REQUIREMENT: Only text belongs in your copy of the listing below; reproduce it exactly and leave out the pictures.

DATA EXTRACT:
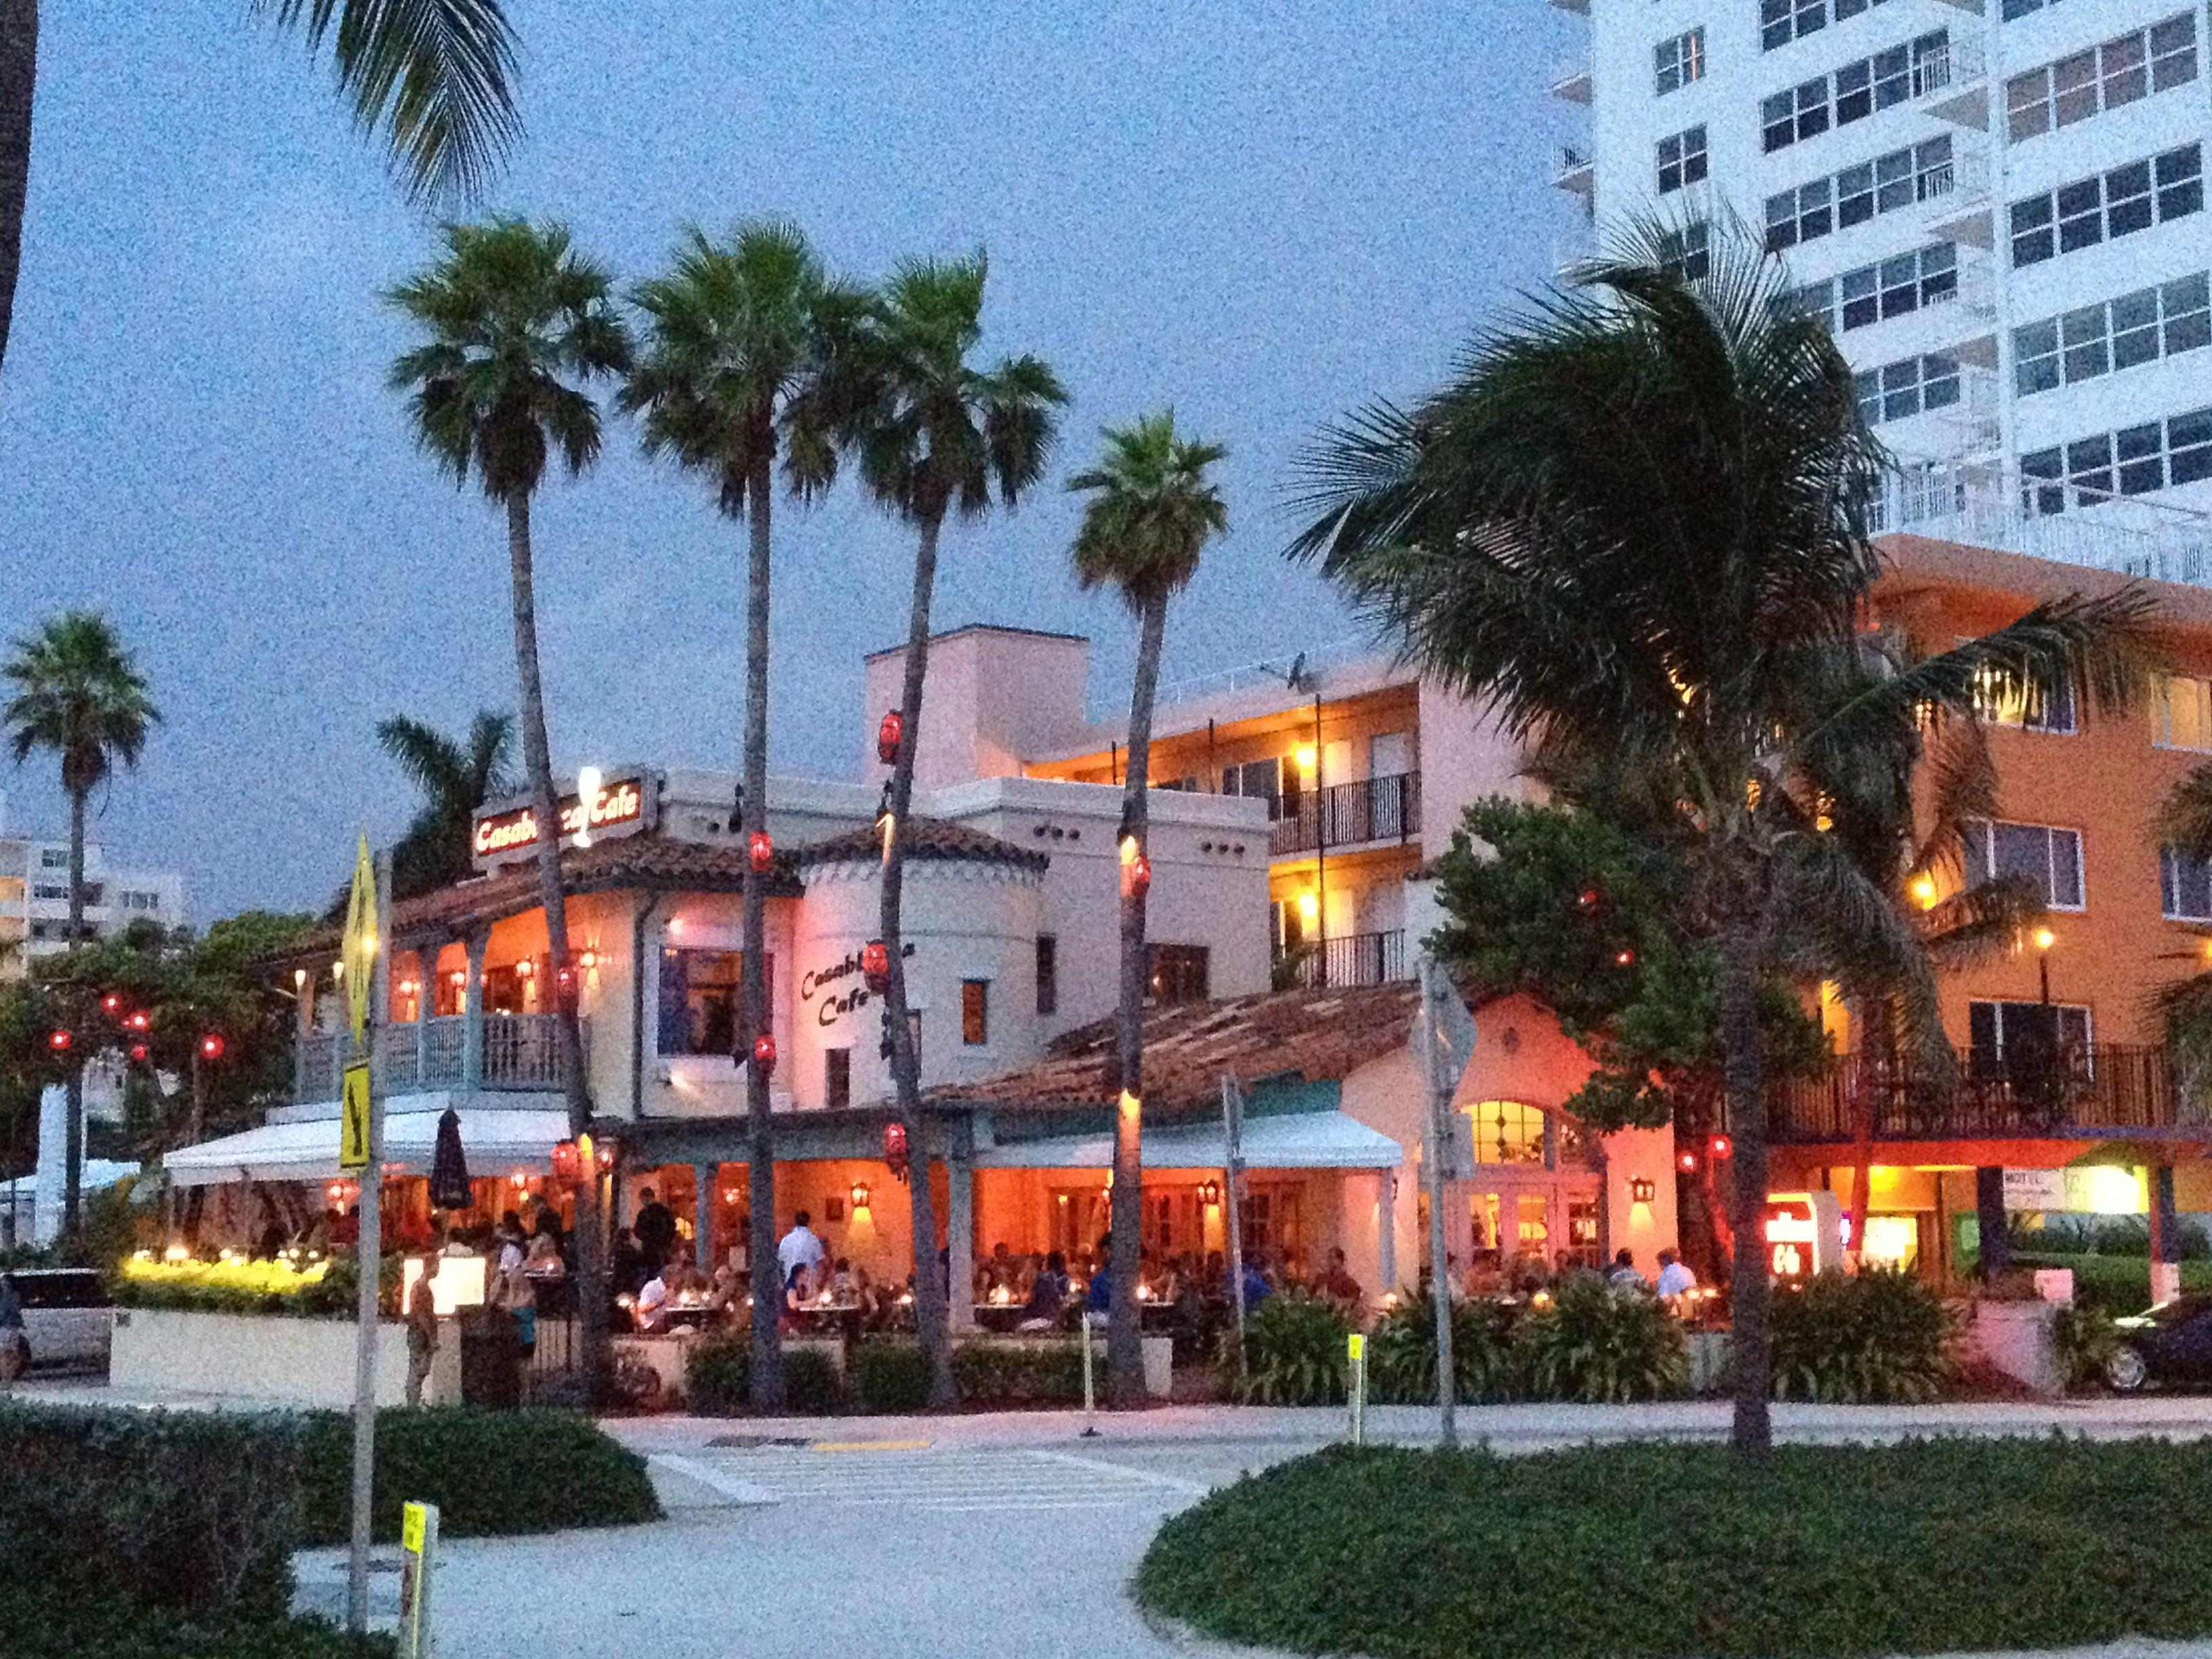 Casablanca Cafe Fort Lauderdale Florida
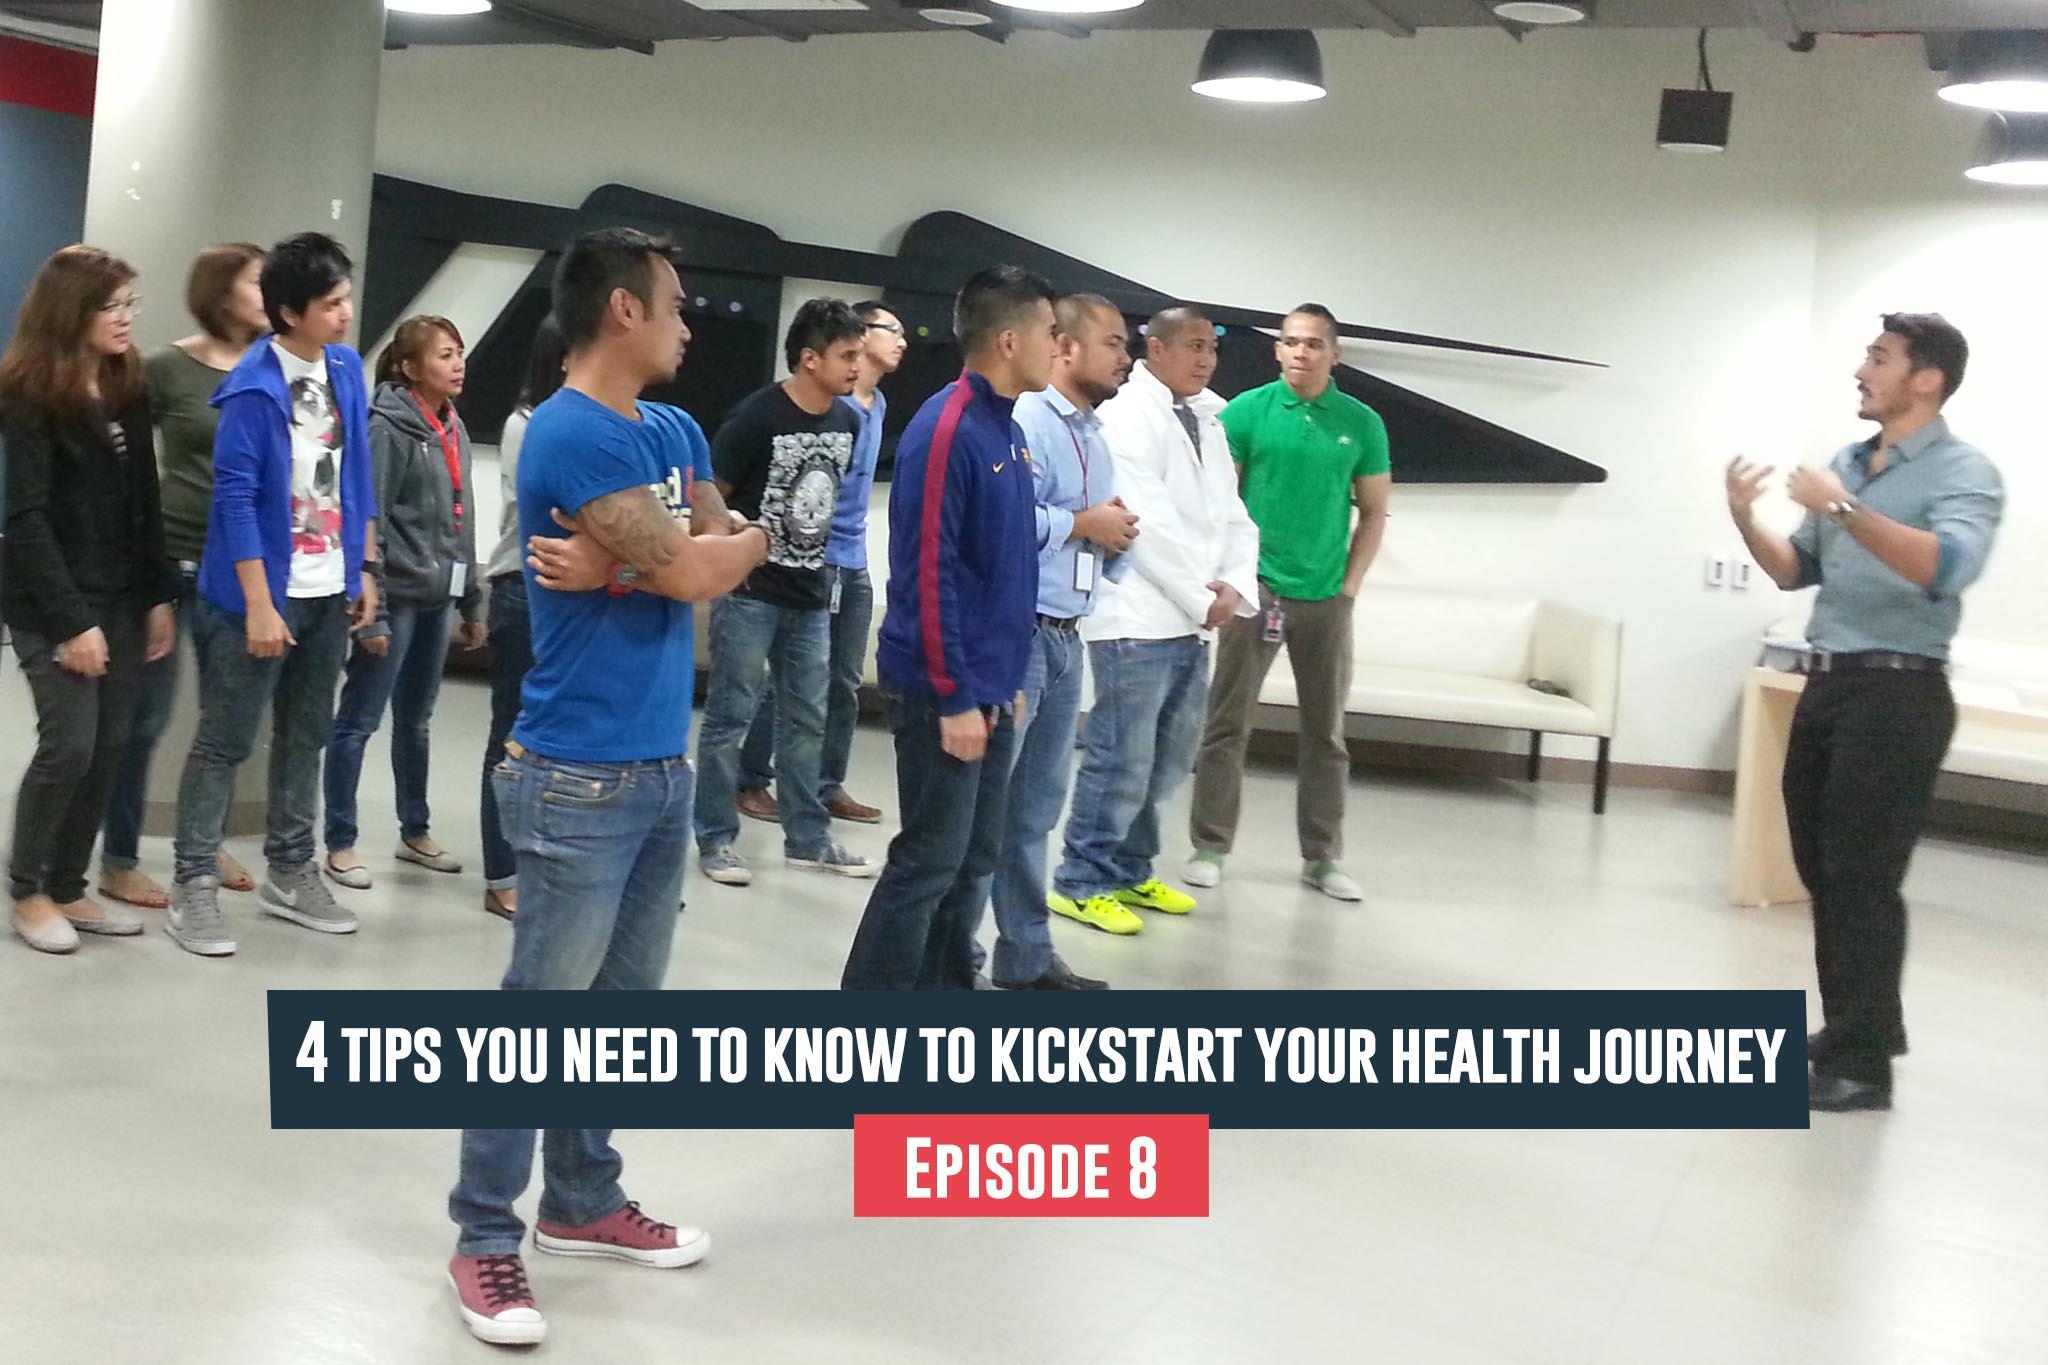 Kickstart Your Health Journey
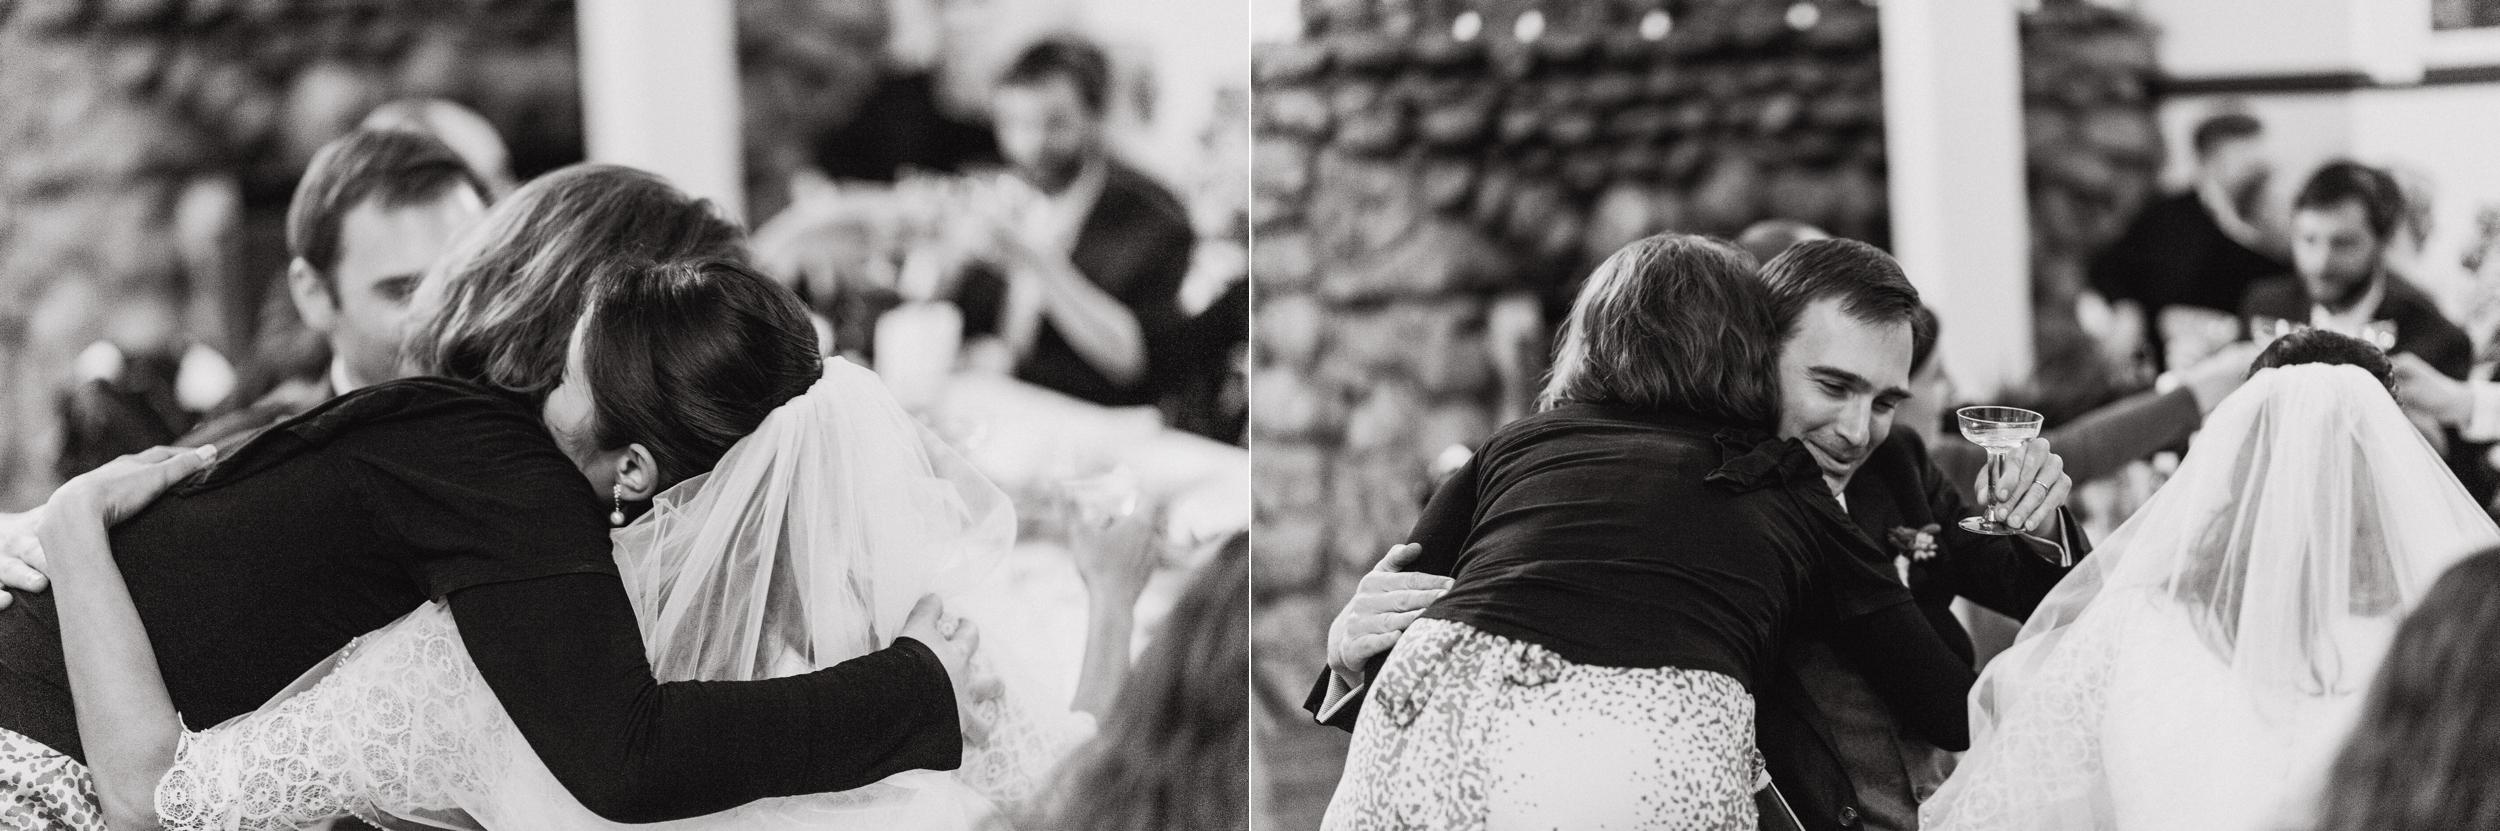 69vintage-san-francisco-stern-grove-wedding-vivianchen-0472_WEB.jpg

TASK OUTPUT:
 Casablanca Cafe Fort Lauderdale Florida
 Kickstart Your Health Journey
 69vintage-san-francisco-stern-grove-wedding-vivianchen-0472_WEB.jpg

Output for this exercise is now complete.